In allergies, the central role of mast cells as initiators of the symptoms associated with hypersensitivity reactions is widely accepted. However, little is known about the implication of connective tissue mast cells (MMCs) in allergic inflammatory responses. Lou Y. et al. offer researchers in this field a novel means of investigation, having developed genetically modified mice lacking this particular type of mast cells. Their model, obtained by crossing α-chymase-Cre transgenic with a strain bearing a floxed allele of the myeloid cell leukemia sequence 1 (Mcl-1), provides an innovative tool to learn more about the role of mast cells, especially MMCs, in the development of allergy and will likely contribute to the development of new therapeutic strategies.

Finally, the review of Sui and Berzofsky, focuses on the new concept of trained innate immunity. The authors discuss the “memory and specificity” of innate immune populations, such as myeloid and NK cells including the contribution of epigenetics, metabolism as well as a variety of agents, such as adjuvants, in the developments of trained immunity. They focus more particularly on trained innate immunity induced by vectors/adjuvants that have been used in AIDS vaccine studies and propose new ways of thinking about these additives.

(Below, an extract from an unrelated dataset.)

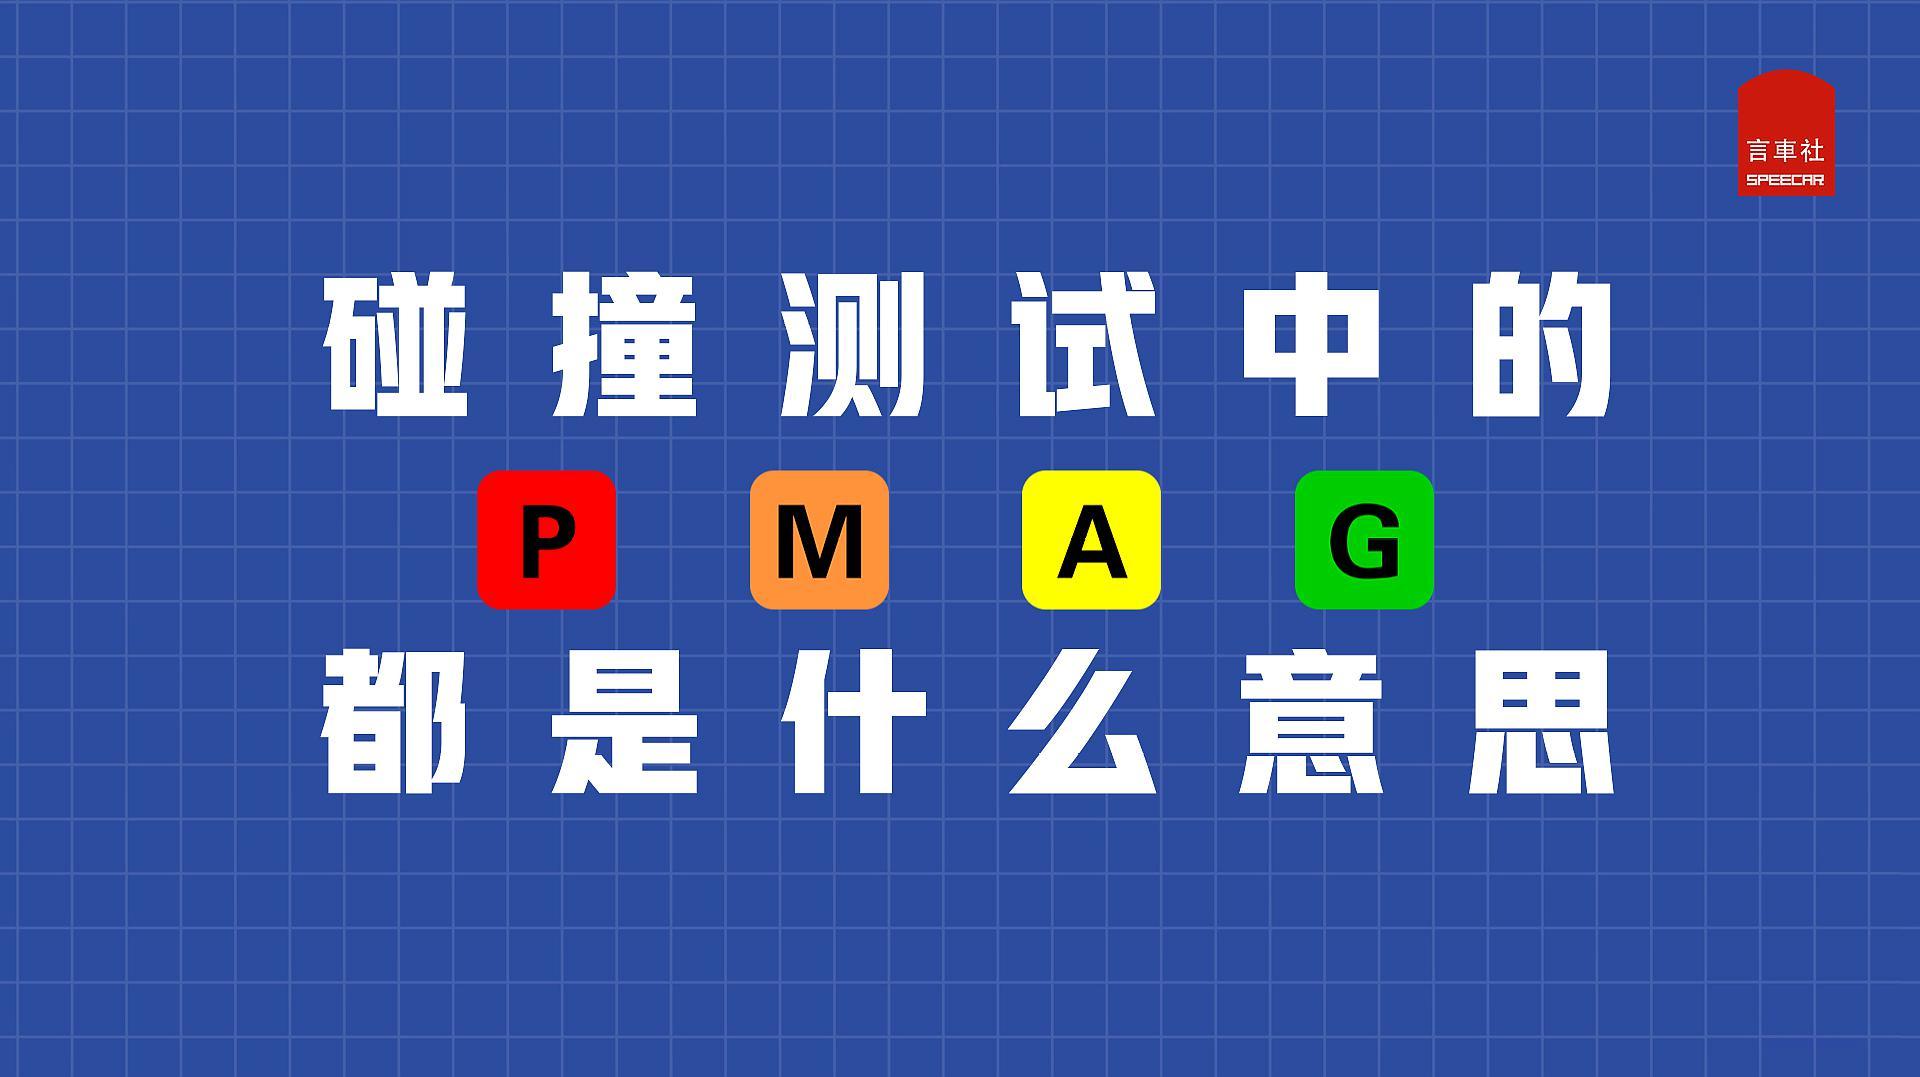 碰撞测试中的PMAG都是啥意思?
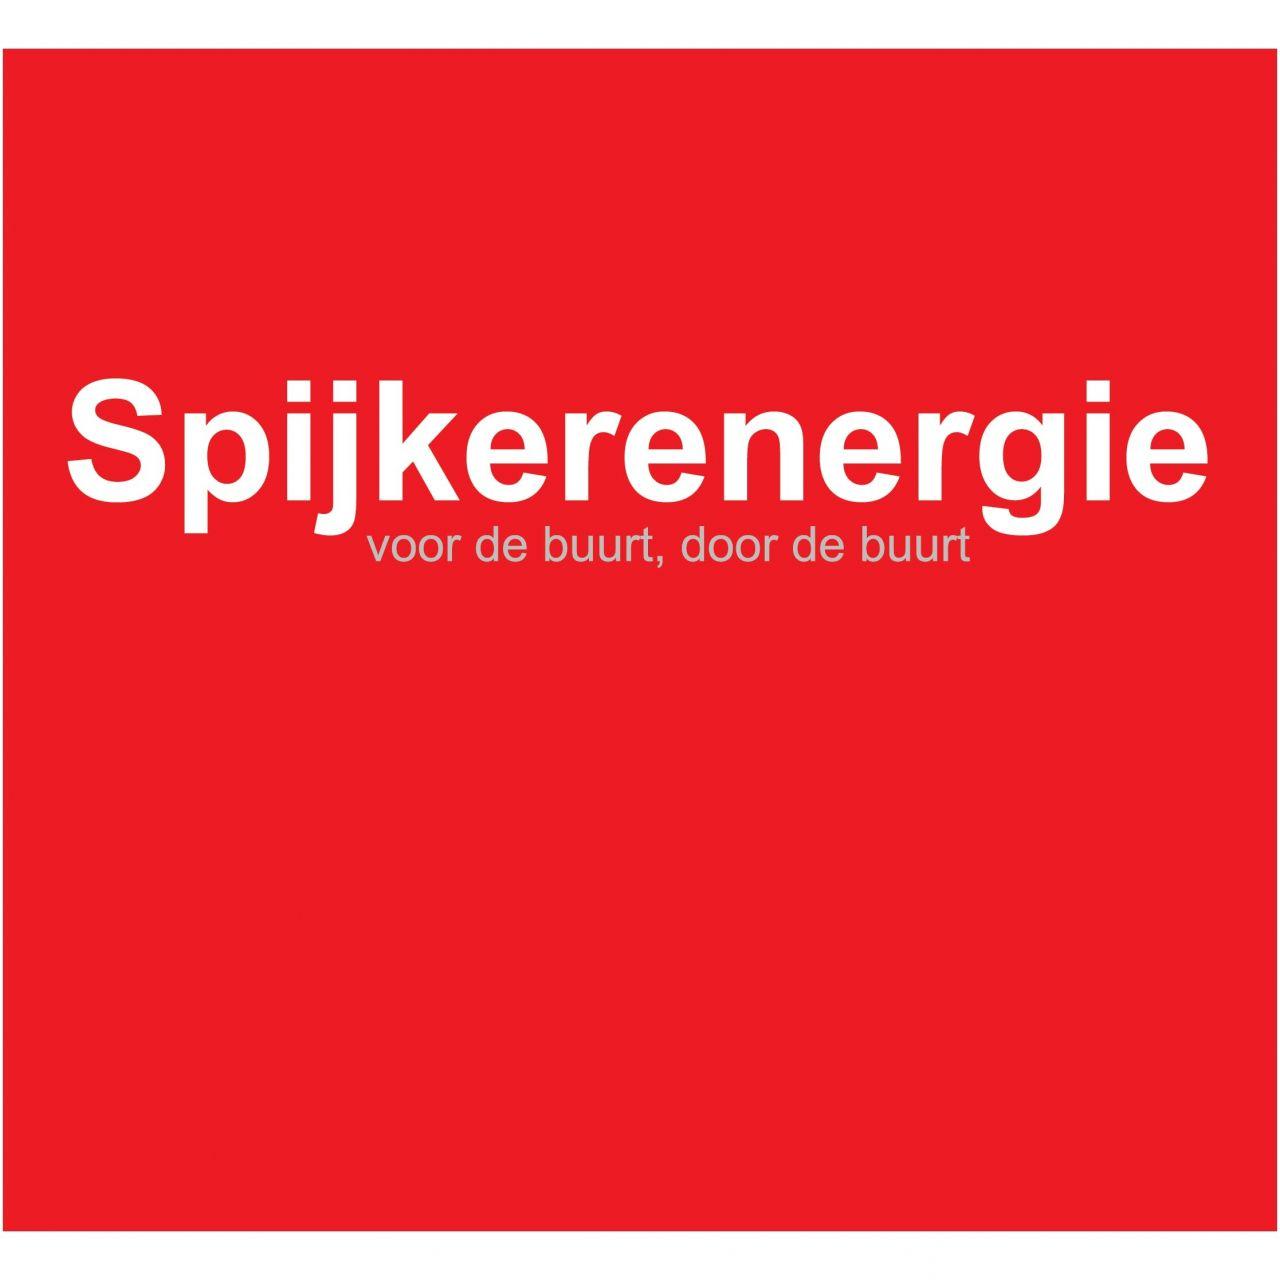 Spijkerenergie (Duurzaam buurt energie initiatief)

The contributions to this special topic highlight recent advances in the understanding of the complex mechanisms leading to tissue damage following activation of the innate effectors and/or their mediators. They lend further support to the importance of this first line of defense to safeguard mucosal homeostasis, which has been increasingly consolidated during the last years. By identifying new therapeutic targets they pave the way for the development of specific strategies for the treatment of chronic pathologies affecting mucosal tissues.

Author Contributions

L-MM, CM, and VM edited the topic and wrote the manuscript. All authors contributed to the article and approved the submitted version.

Funding

Funded by grants from Consejo de Investigaciones científicas y tecnológicas (CONICET) PIP 2017-0950.

Conflict of Interest

The authors declare that the research was conducted in the absence of any commercial or financial relationships that could be construed as a potential conflict of interest.

Acknowledgments

We thank Elke Schneider for reviewing the manuscript.